Happy Groundhog Day.
The North Carolina State Employees’ Credit Union is such an integral part of our state that it’s often taken for granted.
There’s nothing like it across the nation, I learned, while studying the $53 billion dollar enterprise for a story in the February Business North Carolina. In the ninth-most populous state, SECU dwarfs peers nationally other than he national Navy Federal Credit Union. California, Texas and New York have much smaller government-employee credit unions compared with SECU which has 2.6 million members, or a fourth of the N.C. population.
SECU is also very profitable, with capital that exceeds regulatory requirements. It has limited interest-rate or credit risk. It caters to member-owners because credit unions don’t have stockholders.
SECU is a maverick. It offers the same rates for deposits and consumer loans for all customers, regardless of their net worth or financial status. Michael Jordan would get the same savings account interest and pay the same mortgage rate as the person sweeping the Spectrum Center floor. Other financial services company use credit scoring to offer better rates to wealthier customers.
Self-Help Credit Union co-founder Martin Eakes, a progressive-leaning expert on banking, calls SECU “the single best credit union in America, serving working-class people in every county in North Carolina.”
But a couple of years ago, SECU’s board of influential state-government executives concluded privately that some change was needed. They want SECU to rethink how to balance its historic focus on core state employees with desires of more affluent members, many of whom also trade with other financial institutions. The board also favored making business loans and adding better technology.

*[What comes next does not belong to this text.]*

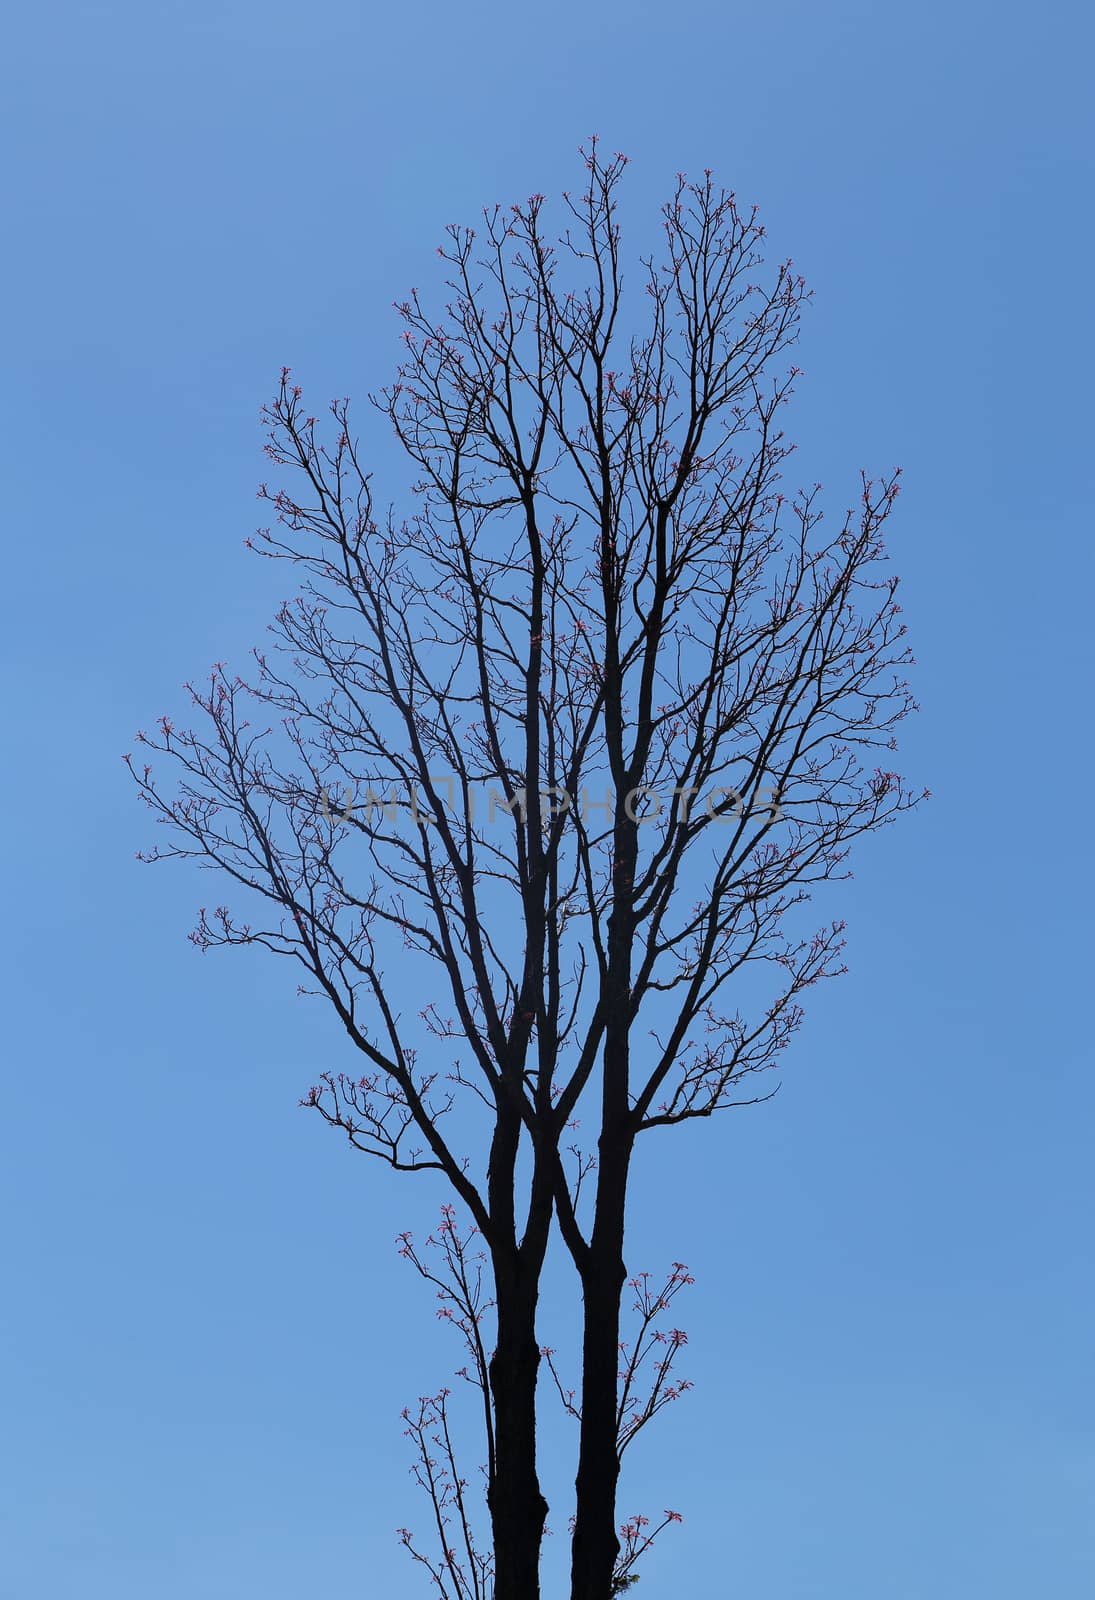 Leafless branches with pink flower and blue sky background

In 2021, the board hired a veteran credit-union industry executive and regulator to usher in changes. New CEO Jim Hayes rolled out plans for new deposit and loan pricing strategies, business lending and improved technology. The pending changes have received little publicity.

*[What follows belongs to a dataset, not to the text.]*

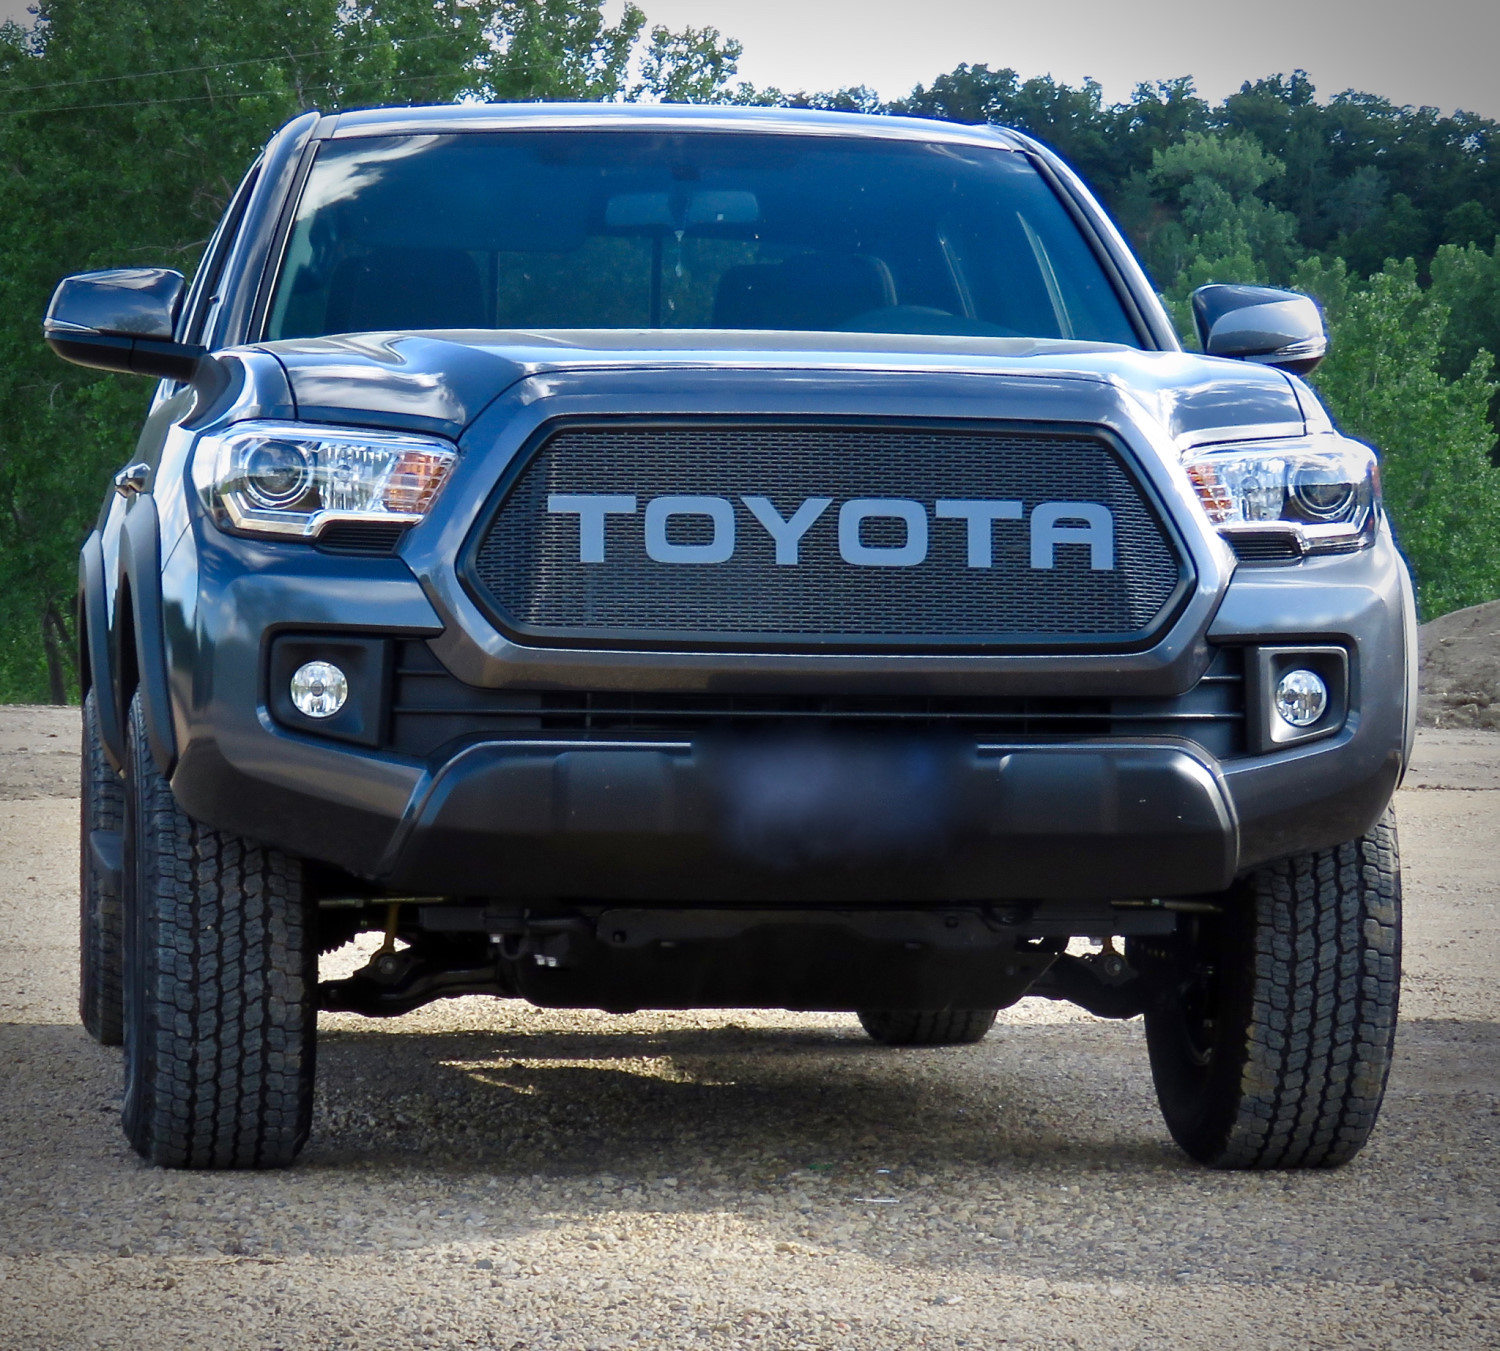 Tacoma Transformation: Black Bezel, Slotted Mesh, and Color-Matched Letters

The BNC story describes why two former SECU CEOs, who dominated the organization’s strategies over the last four decades, are vehemently opposed to the board-mandated changes. They say the moves will negatively affect a majority of existing customers and SECU's culture.
Former CEO Mike Lord, who preceded Hayes, says SECU can grow effectively by lowering its loan rates and raising its deposit payouts for all customers, rather than creating tiers.
A veteran industry consultant sums it up this way: Will SECU remain distinctive or follow the track of many other credit unions, which increasing look like stockholder-owned banks?